LummaC2: Obfuscation Through Indirect Control Flow

Written by: Nino Isakovic, Chuong Dong


Overview

This blog post delves into the analysis of a control flow obfuscation technique employed by recent LummaC2 (LUMMAC.V2) stealer samples. In addition to the traditional control flow flattening technique used in older versions, the malware now leverages customized control flow indirection to manipulate the execution of the malware. This technique thwarts all binary analysis tools including IDA Pro and Ghidra, significantly hindering not only the reverse engineering process, but also automation tooling designed to capture execution artifacts and generate detections.

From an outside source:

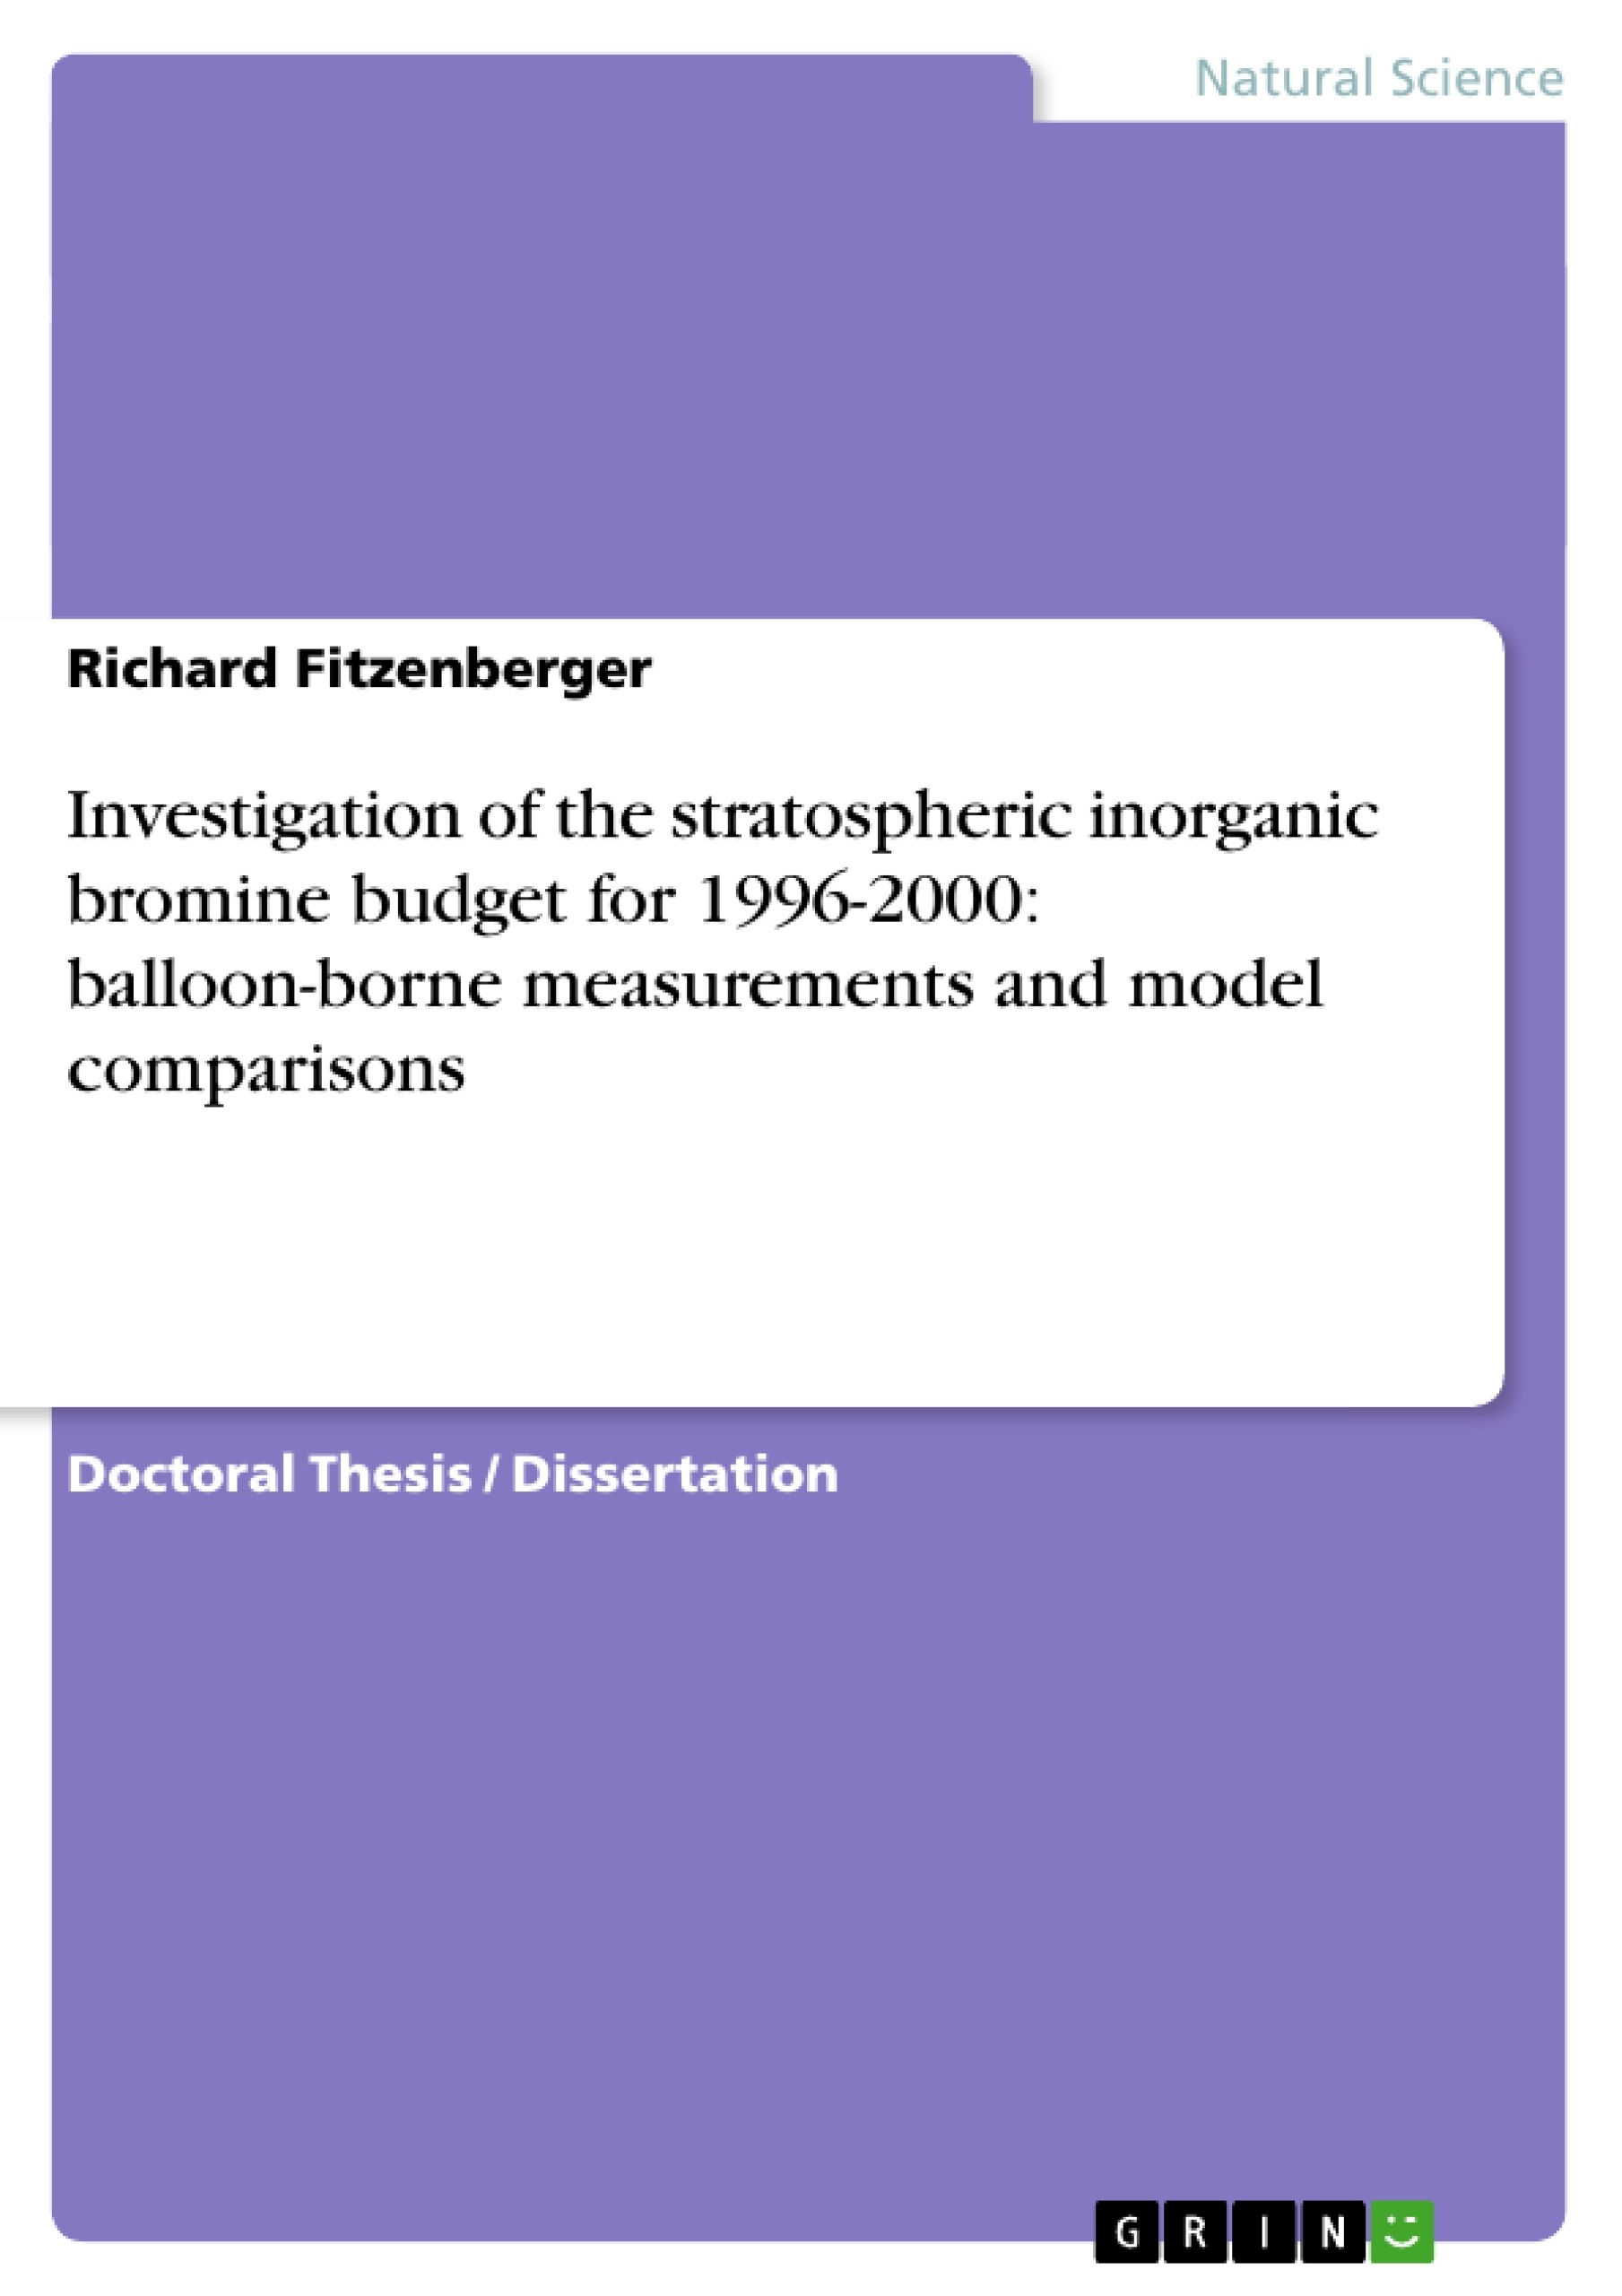 Titre: Investigation of the stratospheric inorganic bromine budget for 1996-2000: balloon-borne measurements and model comparisons

To provide insights to Google and Mandiant security teams, we developed an automated method for removing this protection layer through symbolic backward slicing. By leveraging the recovered control flow, we are able to rebuild and deobfuscate the samples into a format readily consumable for any static binary analysis platform.

Protection Components

Overview

An obfuscating compiler, which we will also informally refer to as an “obfuscator,” is a transformation tool designed to enhance the security of software binaries by making them more resilient to binary analysis. It operates by transforming a given binary into a protected representation, thereby increasing the difficulty for the code to be analyzed or tampered with. These transformations are typically applied at a per-function basis where the user selects the specific functions to apply these transformations to.